## Task objective:
Within the entries below, find the portion that opens with the line containing "ITF Taekwon-Do Pedagogy" and closes with the line containing "1 Dozen white". Retype that portion exactly and only.
◆ ◆ ◆ ◆ ◆ ◆ ◆
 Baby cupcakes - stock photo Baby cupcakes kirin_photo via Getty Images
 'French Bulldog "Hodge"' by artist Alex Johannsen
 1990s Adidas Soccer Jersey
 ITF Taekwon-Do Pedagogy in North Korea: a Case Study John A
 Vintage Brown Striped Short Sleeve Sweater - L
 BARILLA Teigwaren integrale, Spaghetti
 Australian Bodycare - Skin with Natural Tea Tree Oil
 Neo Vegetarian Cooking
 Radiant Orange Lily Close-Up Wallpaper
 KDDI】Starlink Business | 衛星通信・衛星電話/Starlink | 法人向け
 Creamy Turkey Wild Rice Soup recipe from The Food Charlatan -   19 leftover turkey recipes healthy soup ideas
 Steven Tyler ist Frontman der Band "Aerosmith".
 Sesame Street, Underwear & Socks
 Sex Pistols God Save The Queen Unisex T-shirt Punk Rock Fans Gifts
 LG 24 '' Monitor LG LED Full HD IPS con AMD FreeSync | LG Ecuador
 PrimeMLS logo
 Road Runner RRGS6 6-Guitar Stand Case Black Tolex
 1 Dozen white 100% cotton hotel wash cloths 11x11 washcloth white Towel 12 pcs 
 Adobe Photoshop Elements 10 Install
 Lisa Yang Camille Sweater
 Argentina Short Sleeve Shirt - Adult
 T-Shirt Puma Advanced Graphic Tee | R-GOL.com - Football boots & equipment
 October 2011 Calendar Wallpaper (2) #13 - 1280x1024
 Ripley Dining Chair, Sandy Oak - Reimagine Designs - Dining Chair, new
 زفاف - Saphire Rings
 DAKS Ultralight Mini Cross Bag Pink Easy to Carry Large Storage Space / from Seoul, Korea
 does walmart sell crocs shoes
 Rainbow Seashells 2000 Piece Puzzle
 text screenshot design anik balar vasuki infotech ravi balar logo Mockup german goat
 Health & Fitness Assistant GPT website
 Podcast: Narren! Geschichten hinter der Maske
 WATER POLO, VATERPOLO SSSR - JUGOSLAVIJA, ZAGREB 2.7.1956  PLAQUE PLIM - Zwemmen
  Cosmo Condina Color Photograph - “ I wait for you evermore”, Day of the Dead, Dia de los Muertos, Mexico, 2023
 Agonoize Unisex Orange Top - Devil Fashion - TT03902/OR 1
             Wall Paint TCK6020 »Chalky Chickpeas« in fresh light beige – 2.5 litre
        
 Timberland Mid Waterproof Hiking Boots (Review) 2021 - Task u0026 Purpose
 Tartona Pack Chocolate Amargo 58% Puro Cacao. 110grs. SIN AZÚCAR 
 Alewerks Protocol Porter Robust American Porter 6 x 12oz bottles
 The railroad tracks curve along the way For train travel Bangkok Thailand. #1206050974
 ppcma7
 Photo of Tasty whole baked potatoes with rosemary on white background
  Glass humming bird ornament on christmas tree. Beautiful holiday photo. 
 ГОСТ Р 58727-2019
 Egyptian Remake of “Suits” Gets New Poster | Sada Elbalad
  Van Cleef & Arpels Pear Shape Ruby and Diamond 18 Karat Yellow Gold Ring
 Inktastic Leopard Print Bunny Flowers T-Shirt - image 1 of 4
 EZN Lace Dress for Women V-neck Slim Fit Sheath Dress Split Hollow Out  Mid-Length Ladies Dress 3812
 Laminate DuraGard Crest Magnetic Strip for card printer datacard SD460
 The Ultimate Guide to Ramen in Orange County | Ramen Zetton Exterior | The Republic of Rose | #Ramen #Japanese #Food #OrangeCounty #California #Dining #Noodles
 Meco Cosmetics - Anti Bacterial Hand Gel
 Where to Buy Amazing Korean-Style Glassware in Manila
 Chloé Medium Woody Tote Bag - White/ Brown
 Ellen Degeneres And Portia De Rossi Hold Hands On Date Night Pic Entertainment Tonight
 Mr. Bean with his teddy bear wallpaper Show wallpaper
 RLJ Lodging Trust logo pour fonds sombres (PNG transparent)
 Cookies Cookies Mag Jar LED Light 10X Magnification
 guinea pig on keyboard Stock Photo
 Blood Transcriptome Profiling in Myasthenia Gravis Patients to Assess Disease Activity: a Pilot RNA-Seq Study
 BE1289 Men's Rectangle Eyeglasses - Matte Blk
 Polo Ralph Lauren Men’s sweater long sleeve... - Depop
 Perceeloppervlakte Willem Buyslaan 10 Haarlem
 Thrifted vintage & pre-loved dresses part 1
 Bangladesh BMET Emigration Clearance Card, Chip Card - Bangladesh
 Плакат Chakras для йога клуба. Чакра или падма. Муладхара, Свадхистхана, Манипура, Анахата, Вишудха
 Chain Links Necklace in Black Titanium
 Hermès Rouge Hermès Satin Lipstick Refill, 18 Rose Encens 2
◆ ◆ ◆ ◆ ◆ ◆ ◆
## Task answer:
 ITF Taekwon-Do Pedagogy in North Korea: a Case Study John A
 Vintage Brown Striped Short Sleeve Sweater - L
 BARILLA Teigwaren integrale, Spaghetti
 Australian Bodycare - Skin with Natural Tea Tree Oil
 Neo Vegetarian Cooking
 Radiant Orange Lily Close-Up Wallpaper
 KDDI】Starlink Business | 衛星通信・衛星電話/Starlink | 法人向け
 Creamy Turkey Wild Rice Soup recipe from The Food Charlatan -   19 leftover turkey recipes healthy soup ideas
 Steven Tyler ist Frontman der Band "Aerosmith".
 Sesame Street, Underwear & Socks
 Sex Pistols God Save The Queen Unisex T-shirt Punk Rock Fans Gifts
 LG 24 '' Monitor LG LED Full HD IPS con AMD FreeSync | LG Ecuador
 PrimeMLS logo
 Road Runner RRGS6 6-Guitar Stand Case Black Tolex
 1 Dozen white 100% cotton hotel wash cloths 11x11 washcloth white Towel 12 pcs 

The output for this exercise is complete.